- From: David Krauss <potswa@gmail.com>
- Date: Wed, 9 Jul 2014 10:35:27 +0800
- To: Jeff Pinner <jpinner@twitter.com>
- Cc: "William Chan (???)" <willchan@chromium.org>, Mike Belshe <mike@belshe.com>, Greg Wilkins <gregw@intalio.com>, HTTP Working Group <ietf-http-wg@w3.org>
On 2014–07–09, at 10:17 AM, Jeff Pinner <jpinner@twitter.com> wrote: > To be clear, my issue is that this change makes determining valid > frame lengths dependent on the session state which to me seems a step > backwards both in terms of protocol layering and in terms of the > achievable decoding throughput based on the simple frame layout. It adds state to the framing layer, but that’s not a layering violation. Using consecutive binary-format frames to express a single semantic frame, depending on the END_HEADERS flag, is a layering violation.
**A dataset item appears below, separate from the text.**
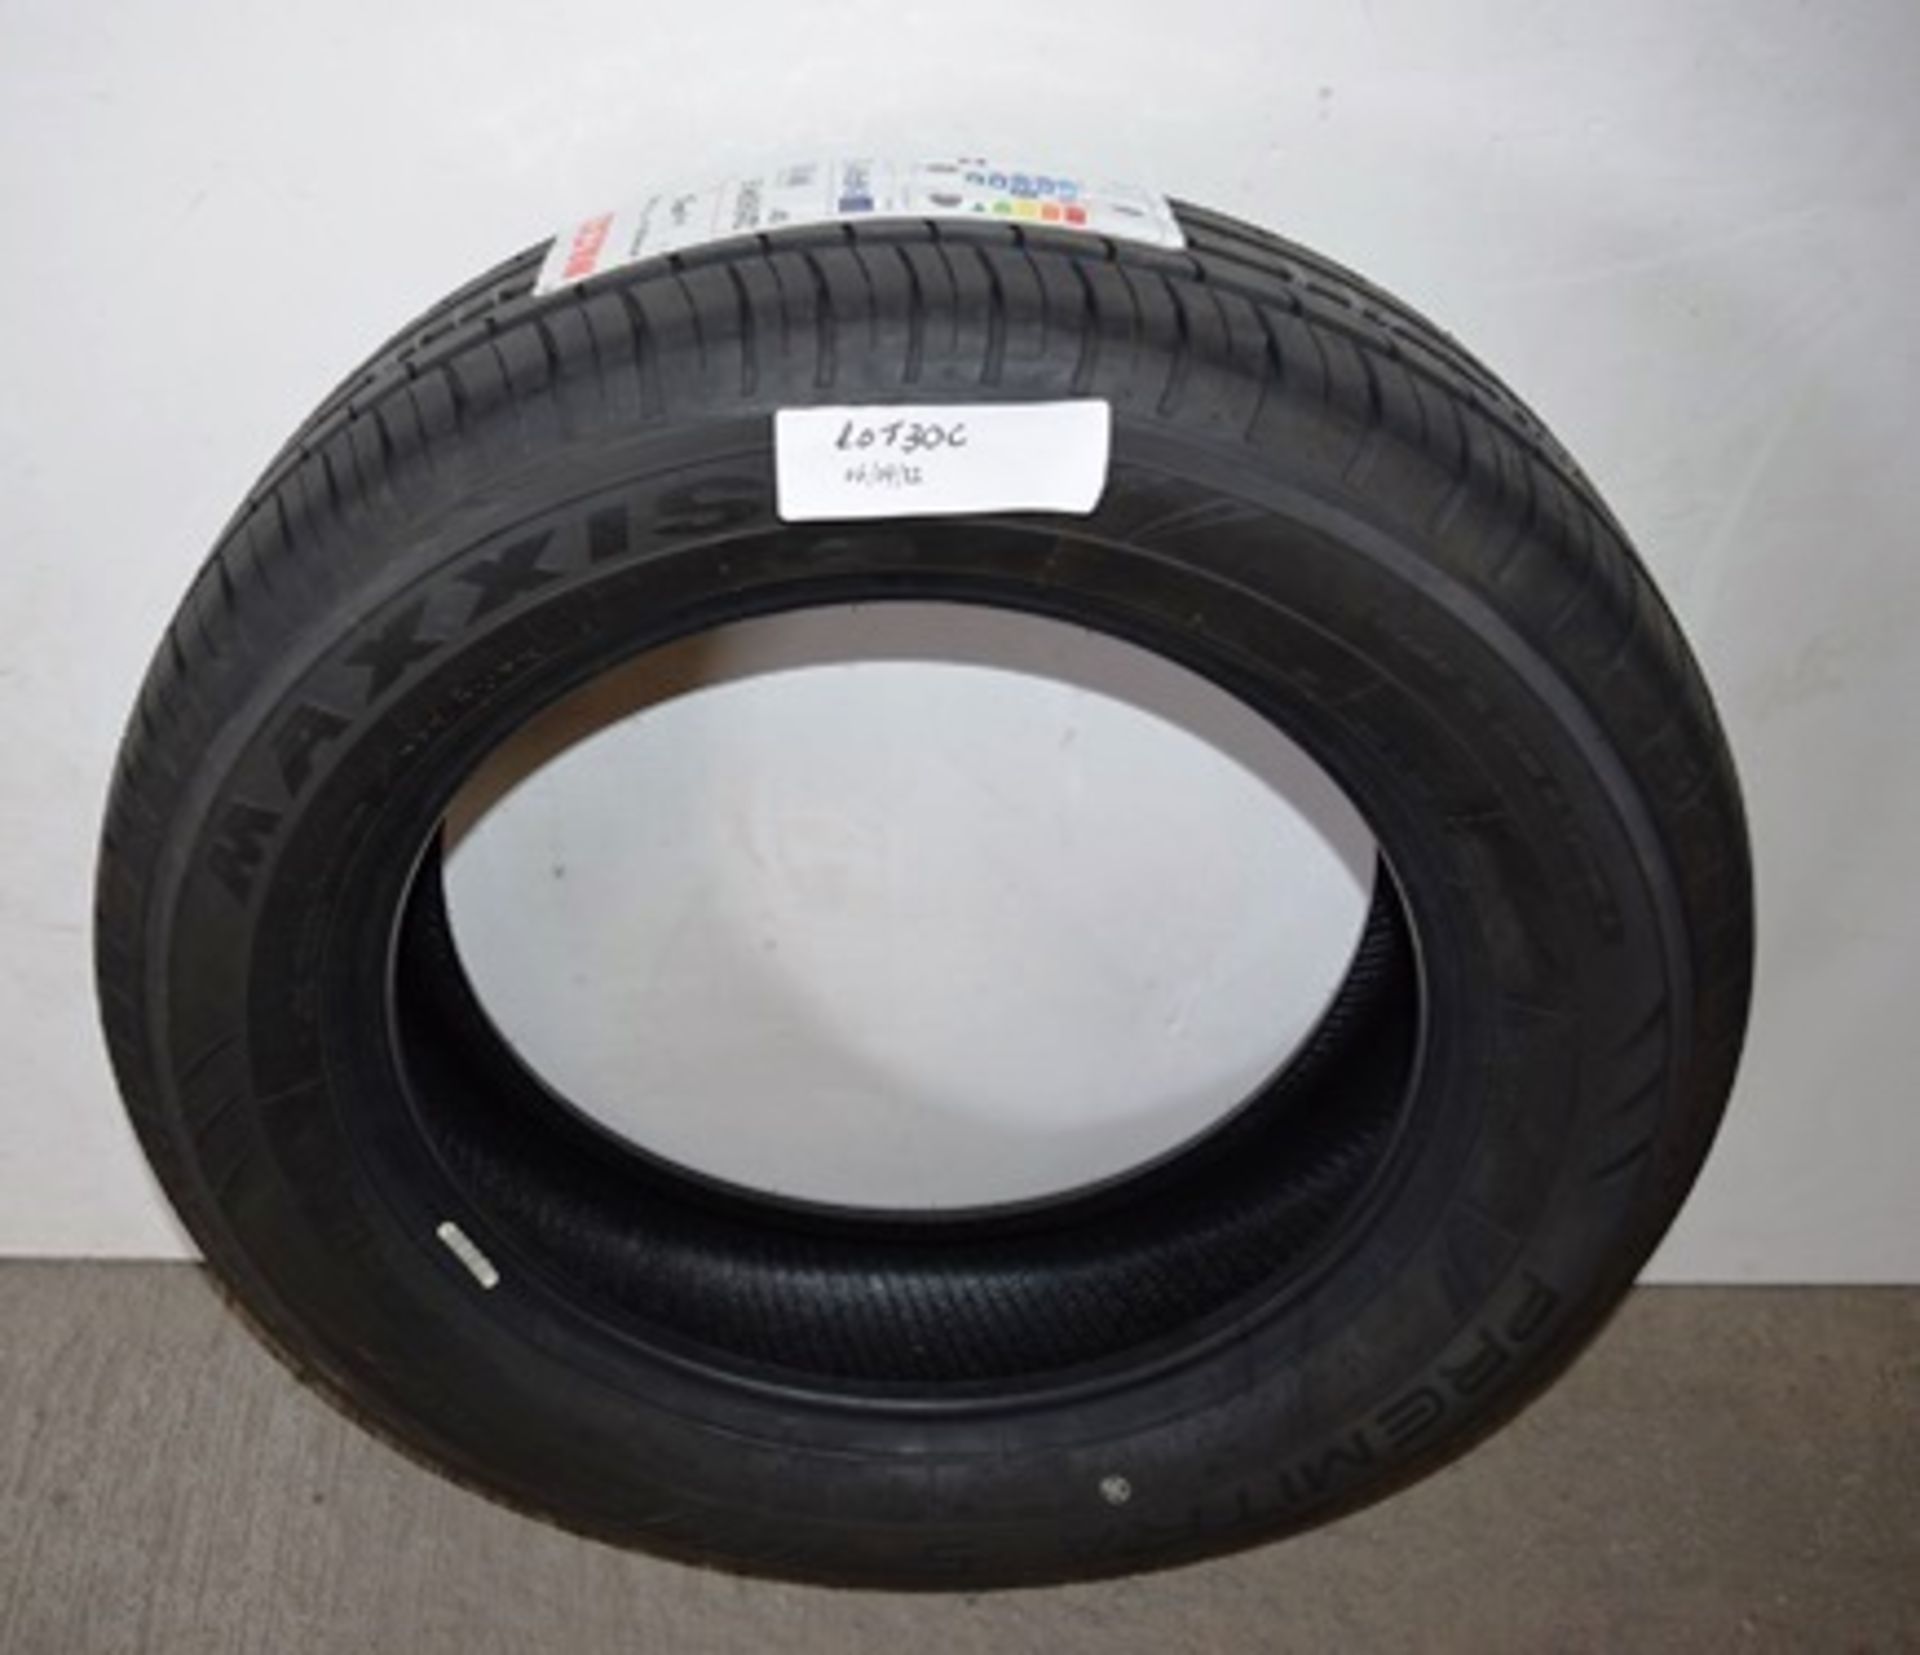 1 x Maxxis Premitra 5 HP 5 tyre, size 205/60R16 92V - New with label (GS4) - Image 2 of 2
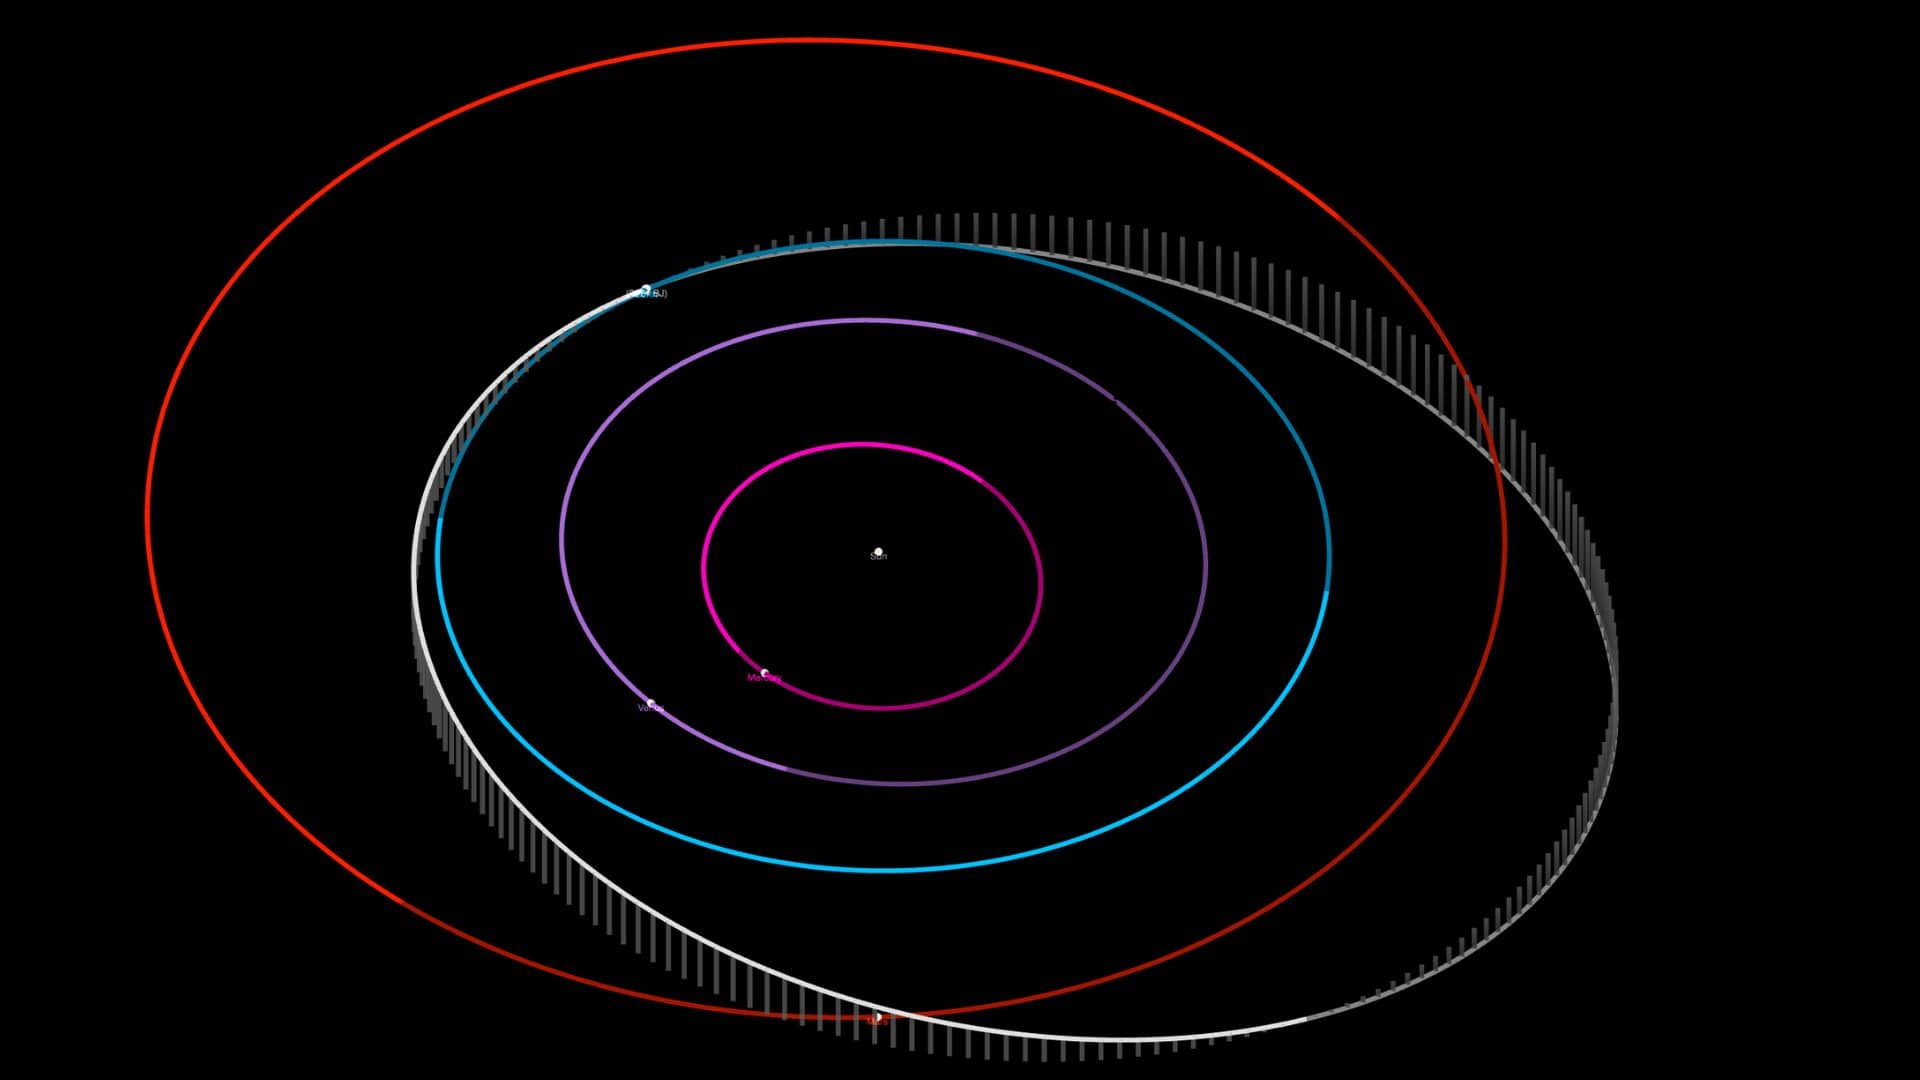 A newly discovered asteroid to pass between Earth and Moon on January

Dynamic changes are unlikely to happen in practice; perhaps that should be disallowed. (If only the first SETTINGS is only allowed to increase the limit, the problem goes away.) However, safe dynamic adjustment only requires that the frame encoder applies the state change synchronously with sending the SETTINGS receipt. This is already a pattern held in common with other adjustable settings. The frame layout is as simple as it ever was, they just increased the size from 2 to 4 bytes. Decoding is faster when frames end less frequently.